Work to complete: Return exactly the lines that run from the one containing "Ben Ruta diving" to the end of the entries, with both ends included.

Dataset records START

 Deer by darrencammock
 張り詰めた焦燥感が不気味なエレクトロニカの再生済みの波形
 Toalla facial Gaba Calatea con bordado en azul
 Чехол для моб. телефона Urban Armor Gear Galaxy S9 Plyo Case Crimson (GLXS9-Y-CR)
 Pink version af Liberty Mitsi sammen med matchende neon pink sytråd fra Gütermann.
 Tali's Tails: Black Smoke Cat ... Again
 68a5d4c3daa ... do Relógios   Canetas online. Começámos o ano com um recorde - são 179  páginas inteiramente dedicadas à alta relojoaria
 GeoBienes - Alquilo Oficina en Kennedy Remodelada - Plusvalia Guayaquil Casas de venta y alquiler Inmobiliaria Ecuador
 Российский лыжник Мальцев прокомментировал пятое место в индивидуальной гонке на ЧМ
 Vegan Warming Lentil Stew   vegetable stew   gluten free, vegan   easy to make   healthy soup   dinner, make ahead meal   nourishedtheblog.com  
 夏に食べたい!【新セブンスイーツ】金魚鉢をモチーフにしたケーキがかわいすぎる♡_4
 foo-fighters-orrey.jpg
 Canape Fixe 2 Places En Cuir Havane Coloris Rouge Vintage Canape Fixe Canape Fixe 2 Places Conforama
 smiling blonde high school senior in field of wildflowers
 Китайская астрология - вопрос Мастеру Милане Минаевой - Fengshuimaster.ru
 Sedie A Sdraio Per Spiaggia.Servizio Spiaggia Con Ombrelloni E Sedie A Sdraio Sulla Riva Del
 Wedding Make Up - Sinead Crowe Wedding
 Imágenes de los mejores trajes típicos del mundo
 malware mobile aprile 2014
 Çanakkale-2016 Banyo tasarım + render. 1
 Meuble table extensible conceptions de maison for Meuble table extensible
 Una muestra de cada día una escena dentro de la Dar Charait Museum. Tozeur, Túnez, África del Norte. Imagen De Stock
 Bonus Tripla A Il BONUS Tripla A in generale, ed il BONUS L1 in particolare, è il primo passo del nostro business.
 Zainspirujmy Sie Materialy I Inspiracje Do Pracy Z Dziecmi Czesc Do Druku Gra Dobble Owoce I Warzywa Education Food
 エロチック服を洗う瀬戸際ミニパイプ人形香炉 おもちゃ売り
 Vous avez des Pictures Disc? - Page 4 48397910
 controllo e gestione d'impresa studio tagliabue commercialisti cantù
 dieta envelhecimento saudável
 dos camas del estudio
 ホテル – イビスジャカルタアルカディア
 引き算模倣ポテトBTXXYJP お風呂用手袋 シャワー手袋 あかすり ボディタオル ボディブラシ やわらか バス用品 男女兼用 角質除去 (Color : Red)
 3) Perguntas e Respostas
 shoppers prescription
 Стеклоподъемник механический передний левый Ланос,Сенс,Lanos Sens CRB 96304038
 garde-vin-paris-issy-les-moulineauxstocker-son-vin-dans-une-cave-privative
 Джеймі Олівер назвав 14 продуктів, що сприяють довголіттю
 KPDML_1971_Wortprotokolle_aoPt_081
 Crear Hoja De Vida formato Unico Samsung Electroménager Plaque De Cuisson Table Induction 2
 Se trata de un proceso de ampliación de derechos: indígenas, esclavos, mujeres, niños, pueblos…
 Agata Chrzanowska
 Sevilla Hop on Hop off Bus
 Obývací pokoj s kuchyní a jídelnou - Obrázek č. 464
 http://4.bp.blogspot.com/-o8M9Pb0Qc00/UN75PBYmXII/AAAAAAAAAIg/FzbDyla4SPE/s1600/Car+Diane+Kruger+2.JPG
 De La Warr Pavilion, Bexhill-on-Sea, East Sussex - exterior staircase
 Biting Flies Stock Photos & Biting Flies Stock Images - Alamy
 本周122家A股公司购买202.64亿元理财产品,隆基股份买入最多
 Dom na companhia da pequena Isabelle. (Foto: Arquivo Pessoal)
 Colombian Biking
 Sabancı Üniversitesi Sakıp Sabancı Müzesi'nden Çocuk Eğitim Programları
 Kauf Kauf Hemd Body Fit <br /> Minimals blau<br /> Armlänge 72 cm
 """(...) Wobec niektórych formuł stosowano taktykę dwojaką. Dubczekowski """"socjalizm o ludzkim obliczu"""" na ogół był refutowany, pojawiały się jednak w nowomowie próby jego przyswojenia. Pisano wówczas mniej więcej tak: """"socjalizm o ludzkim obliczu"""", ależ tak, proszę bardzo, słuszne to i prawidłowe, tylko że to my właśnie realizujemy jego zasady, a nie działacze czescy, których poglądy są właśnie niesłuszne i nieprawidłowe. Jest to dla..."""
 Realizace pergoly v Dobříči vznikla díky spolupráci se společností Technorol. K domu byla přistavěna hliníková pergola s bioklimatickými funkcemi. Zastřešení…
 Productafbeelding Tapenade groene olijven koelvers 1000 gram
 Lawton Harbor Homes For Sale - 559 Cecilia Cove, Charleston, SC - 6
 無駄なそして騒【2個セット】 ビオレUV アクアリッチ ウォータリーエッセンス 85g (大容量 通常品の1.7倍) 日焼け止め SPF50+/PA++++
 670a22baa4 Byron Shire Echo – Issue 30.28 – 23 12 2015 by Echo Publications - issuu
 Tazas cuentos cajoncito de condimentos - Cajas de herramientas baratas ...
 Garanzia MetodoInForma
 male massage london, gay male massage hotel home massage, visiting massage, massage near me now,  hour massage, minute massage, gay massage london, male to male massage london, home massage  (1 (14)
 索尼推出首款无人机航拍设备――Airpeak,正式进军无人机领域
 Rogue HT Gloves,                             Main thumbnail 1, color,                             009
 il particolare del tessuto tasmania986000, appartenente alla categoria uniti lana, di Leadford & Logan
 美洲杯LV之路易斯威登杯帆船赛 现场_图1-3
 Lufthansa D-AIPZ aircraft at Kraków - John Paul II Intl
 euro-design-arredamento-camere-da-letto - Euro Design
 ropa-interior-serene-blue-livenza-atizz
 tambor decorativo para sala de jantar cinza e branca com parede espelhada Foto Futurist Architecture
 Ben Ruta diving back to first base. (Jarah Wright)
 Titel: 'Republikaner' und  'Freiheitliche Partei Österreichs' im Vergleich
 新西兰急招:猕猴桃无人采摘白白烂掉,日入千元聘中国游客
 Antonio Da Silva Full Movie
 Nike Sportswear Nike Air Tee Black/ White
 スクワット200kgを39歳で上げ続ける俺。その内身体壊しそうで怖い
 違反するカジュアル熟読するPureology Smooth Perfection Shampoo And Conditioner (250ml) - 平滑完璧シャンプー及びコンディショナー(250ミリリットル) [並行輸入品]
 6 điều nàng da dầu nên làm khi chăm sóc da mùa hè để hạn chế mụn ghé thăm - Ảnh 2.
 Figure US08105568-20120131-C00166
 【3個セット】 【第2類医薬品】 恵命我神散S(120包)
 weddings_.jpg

Dataset records END

Response for this exercise:
 Ben Ruta diving back to first base. (Jarah Wright)
 Titel: 'Republikaner' und  'Freiheitliche Partei Österreichs' im Vergleich
 新西兰急招:猕猴桃无人采摘白白烂掉,日入千元聘中国游客
 Antonio Da Silva Full Movie
 Nike Sportswear Nike Air Tee Black/ White
 スクワット200kgを39歳で上げ続ける俺。その内身体壊しそうで怖い
 違反するカジュアル熟読するPureology Smooth Perfection Shampoo And Conditioner (250ml) - 平滑完璧シャンプー及びコンディショナー(250ミリリットル) [並行輸入品]
 6 điều nàng da dầu nên làm khi chăm sóc da mùa hè để hạn chế mụn ghé thăm - Ảnh 2.
 Figure US08105568-20120131-C00166
 【3個セット】 【第2類医薬品】 恵命我神散S(120包)
 weddings_.jpg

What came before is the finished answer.